/LightGraphs.jl

An optimized graphs package for Julia

Primary LanguageJuliaOtherNOASSERTION

LightGraphs

Build Status codecov.io LightGraphs Documentation Status Join the chat at https://gitter.im/JuliaGraphs/LightGraphs.jl

An optimized graphs package.

Simple graphs (not multi- or hypergraphs) are represented in a memory- and time-efficient manner with adjacency lists and edge iterators. Both directed and undirected graphs are supported via separate types, and conversion is available from directed to undirected.

The project goal is to mirror the functionality of robust network and graph analysis libraries such as NetworkX while being simpler to use and more efficient than existing Julian graph libraries such as Graphs.jl. It is an explicit design decision that any data not required for graph manipulation (attributes and other information, for example) is expected to be stored outside of the graph structure itself.
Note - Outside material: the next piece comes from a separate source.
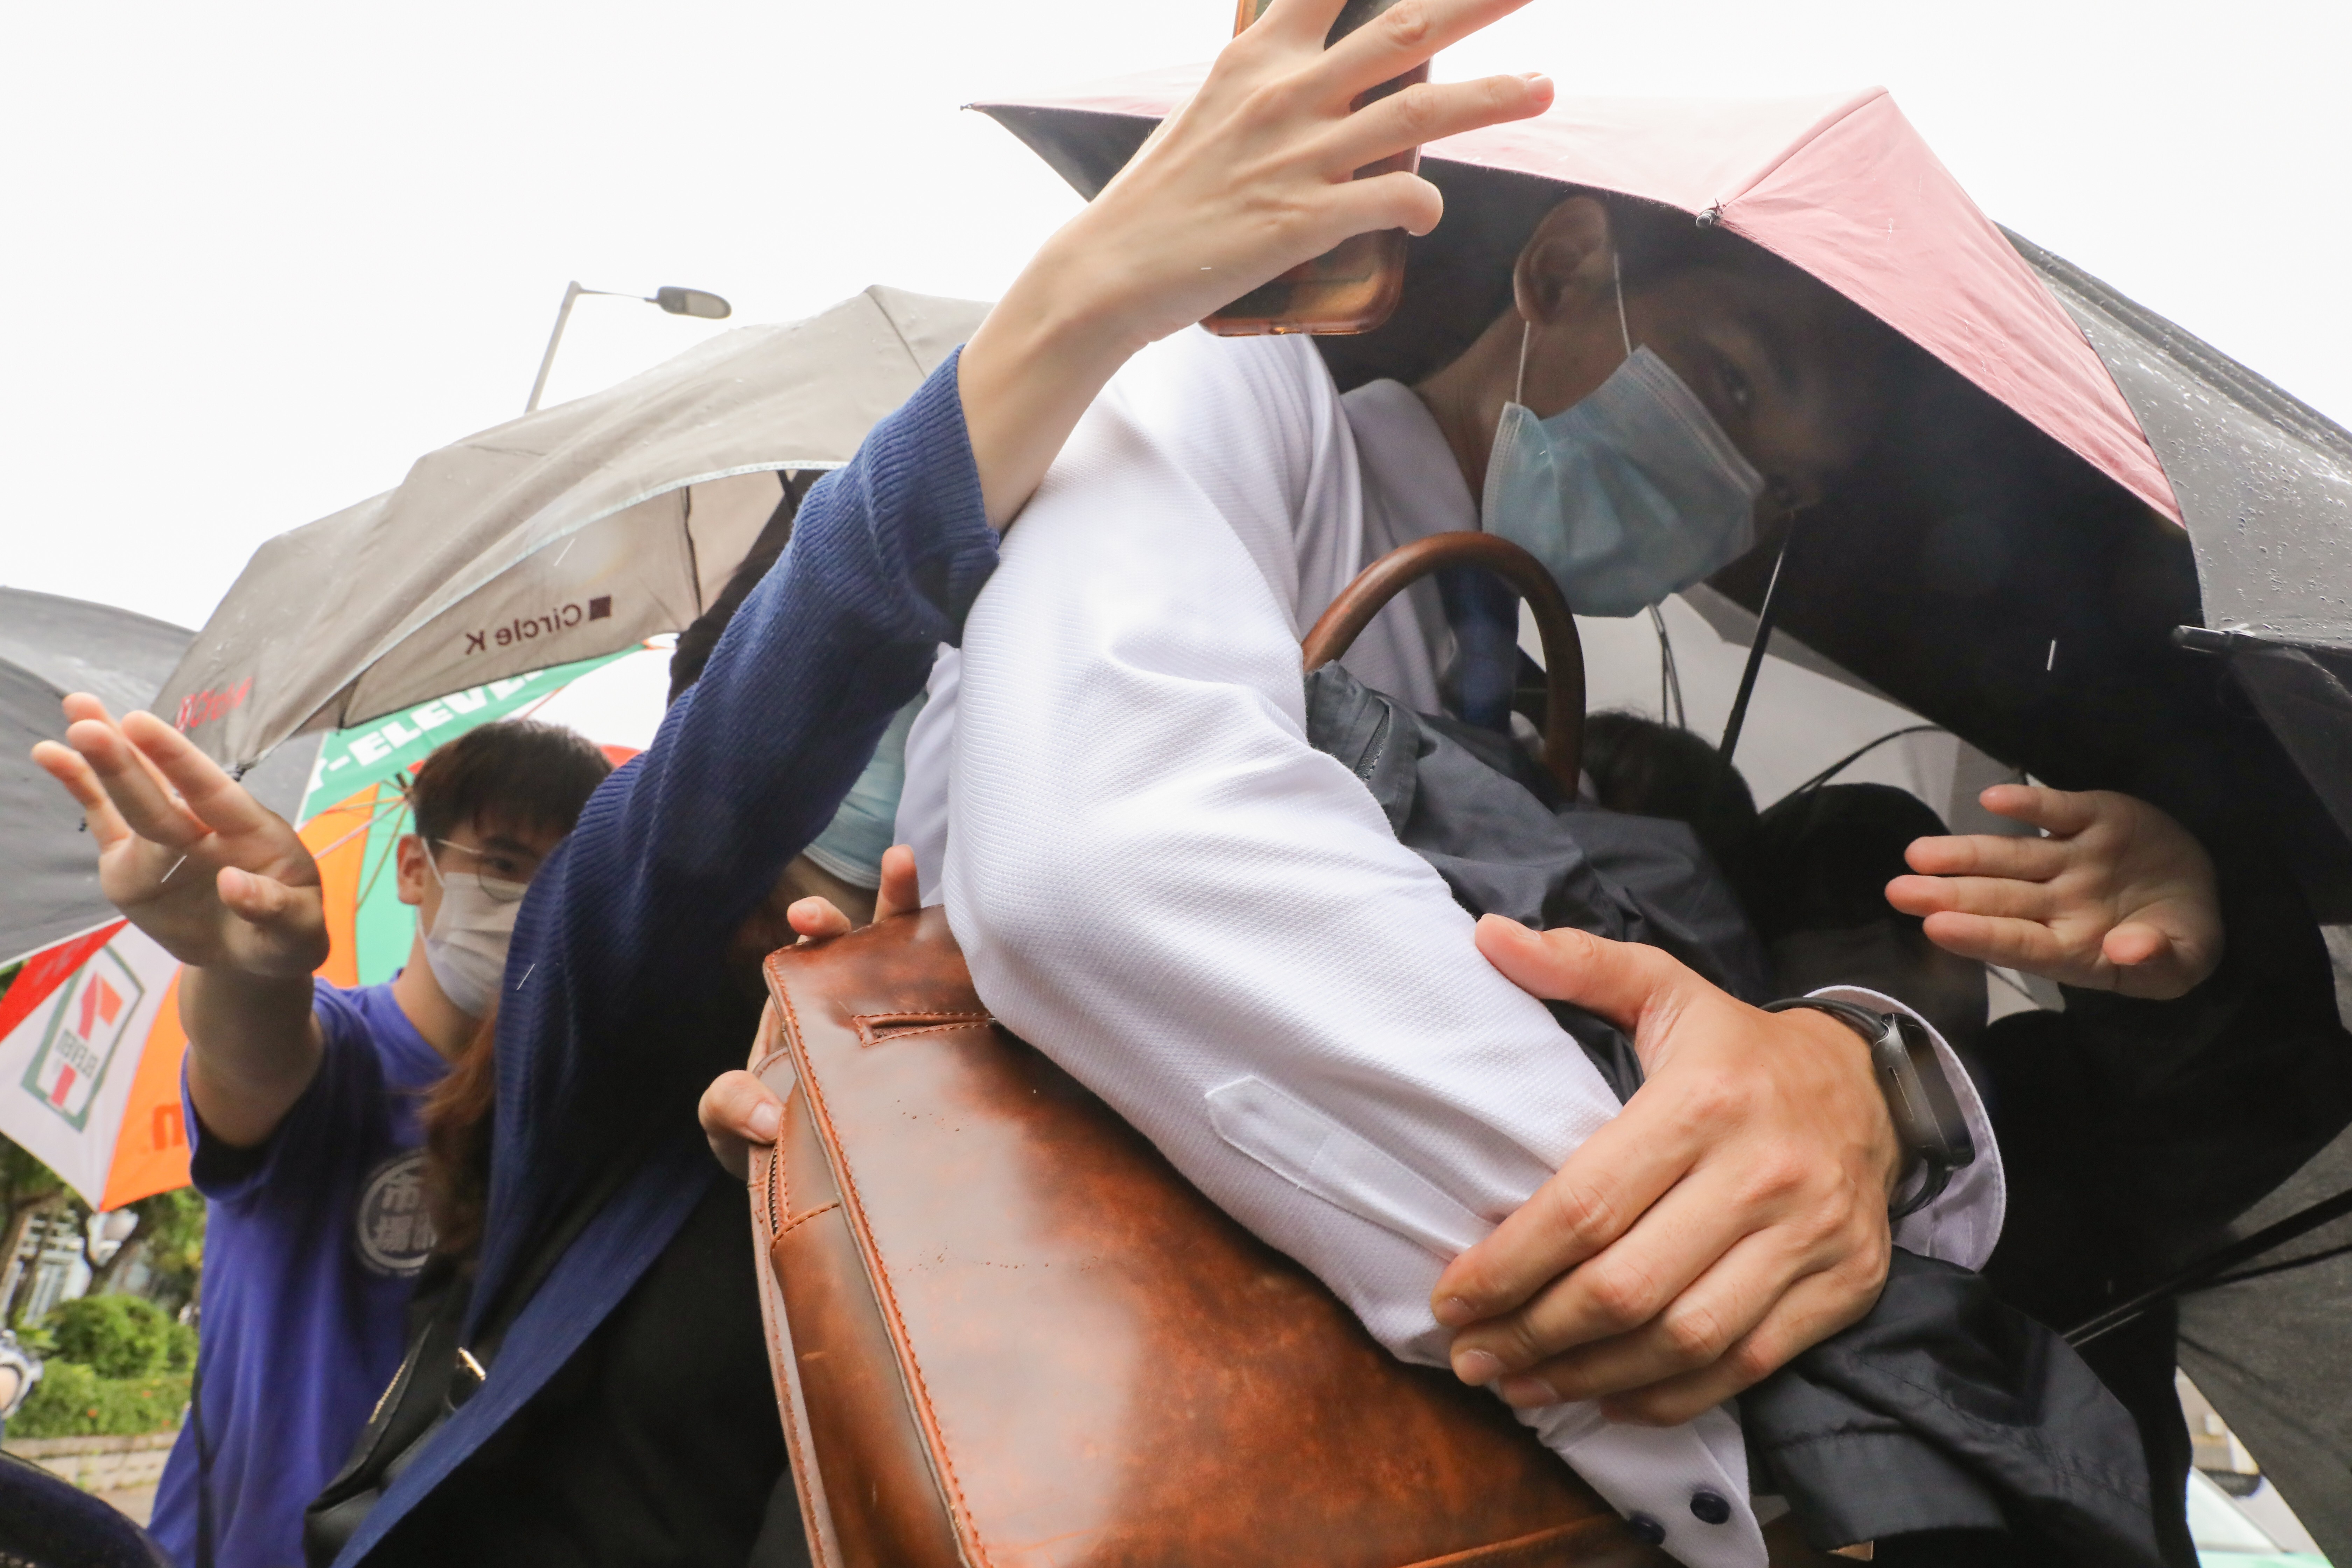 Yeung Pok-man leaves Fanling Court after being sentenced. Photo: K.Y. Cheng
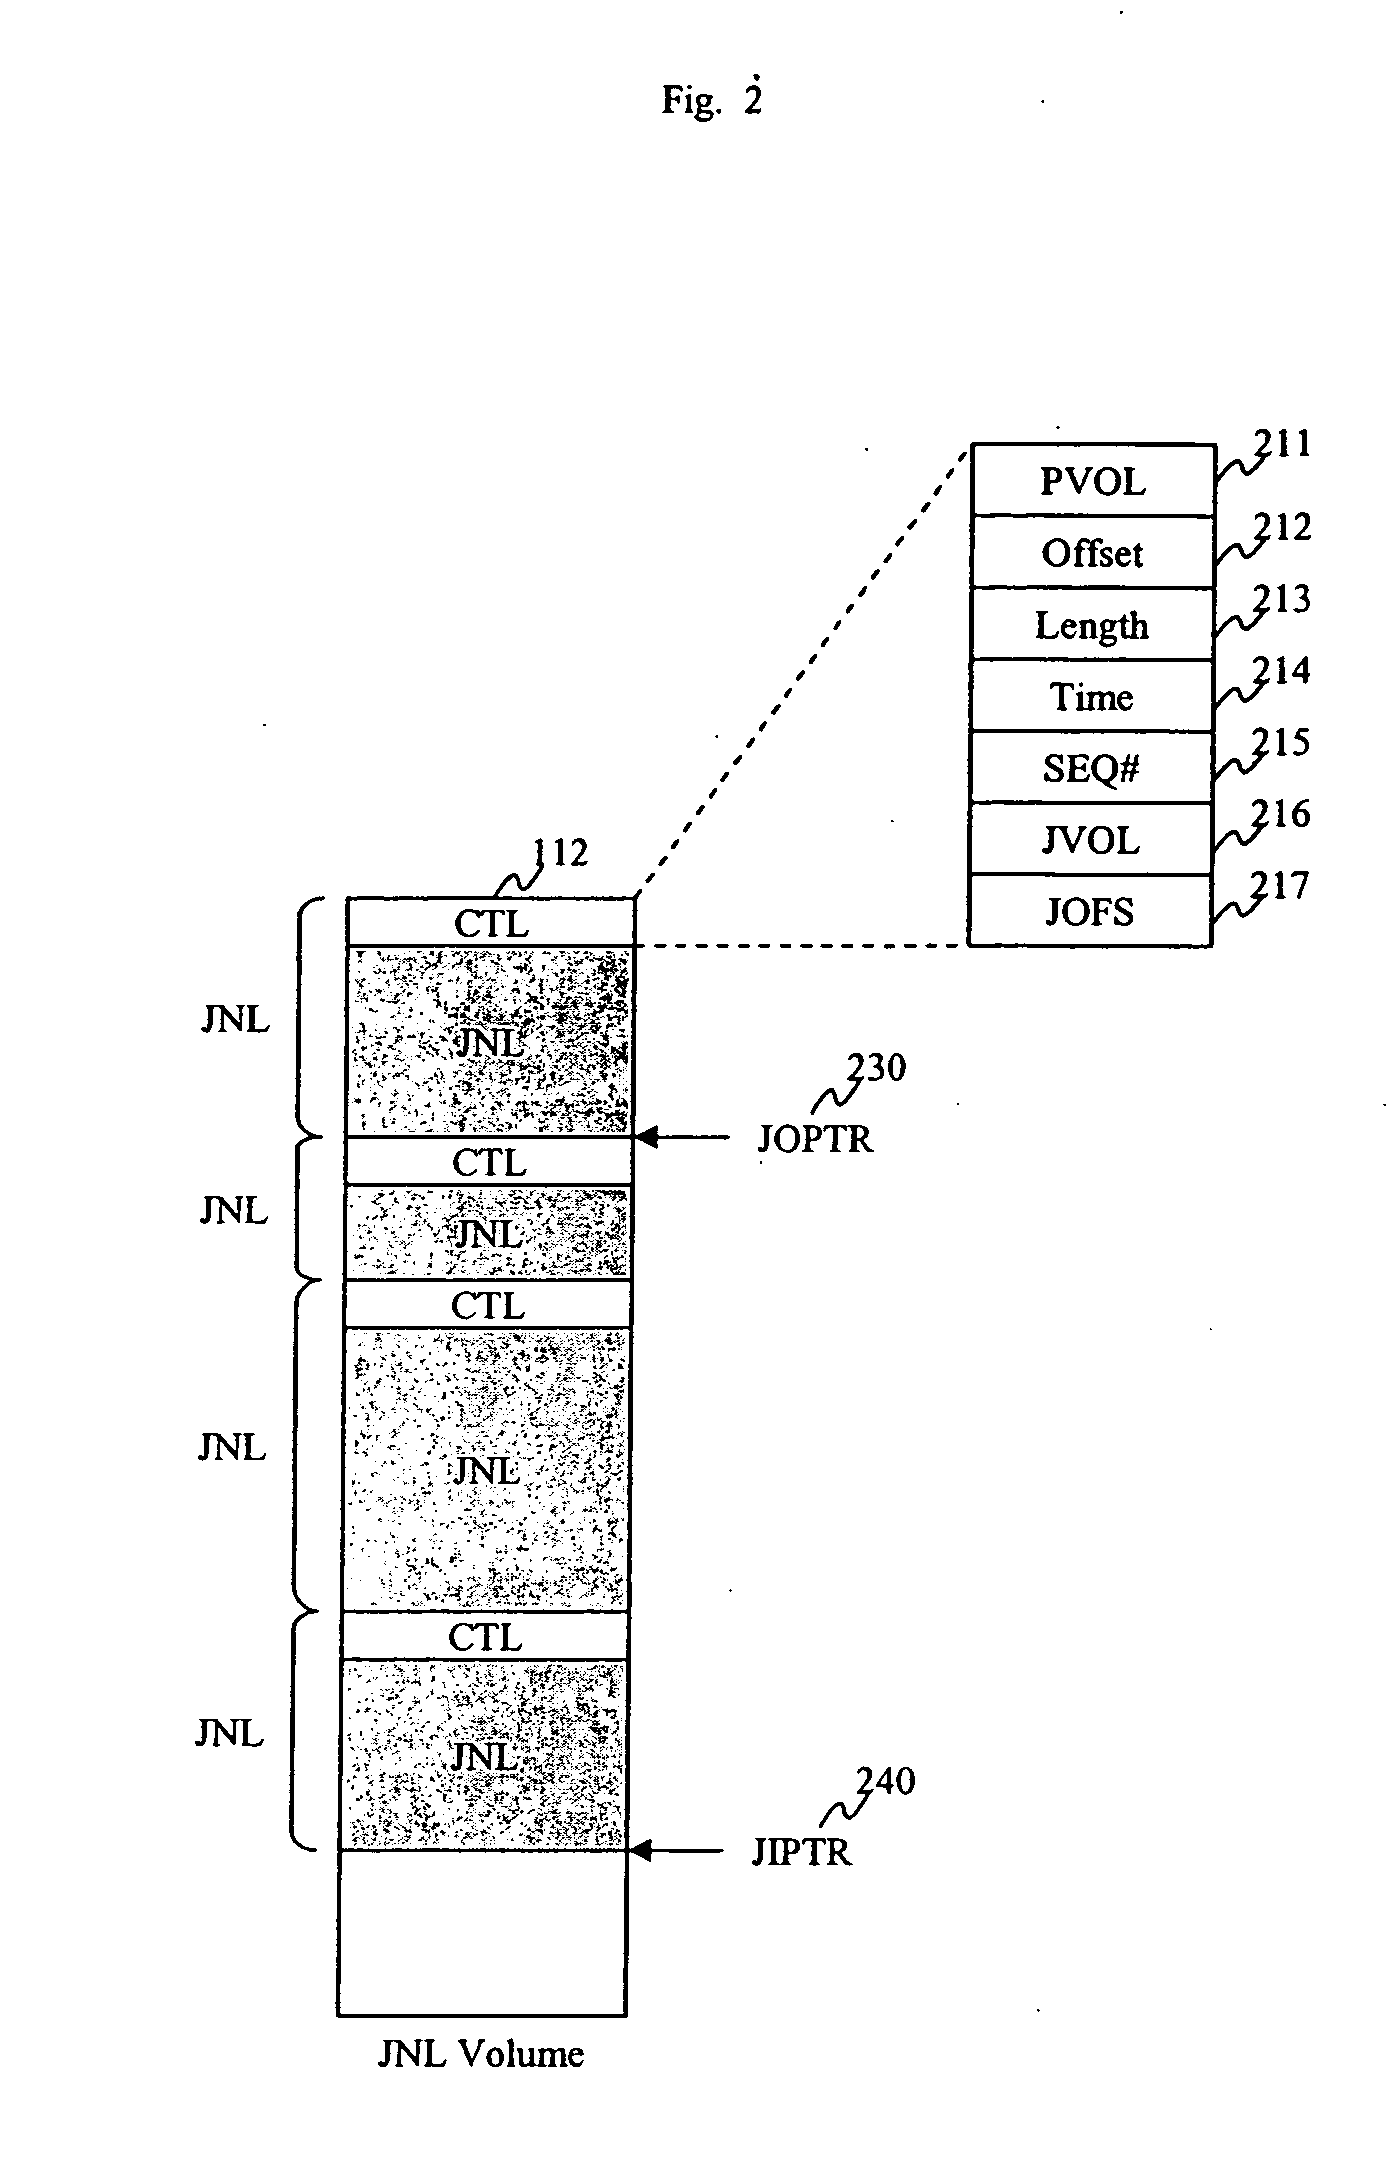 Remote copy system having multiple data centers

Such data lends itself to storage in more traditional and better-optimized mechanisms.

Core Concepts

A graph G is described by a set of vertices V and edges E: G = {V, E}. V is an integer range 1:n; E is represented as forward (and, for directed graphs, backward) adjacency lists indexed by vertices. Edges may also be accessed via an iterator that yields Edge types containing (src::Int, dst::Int) values.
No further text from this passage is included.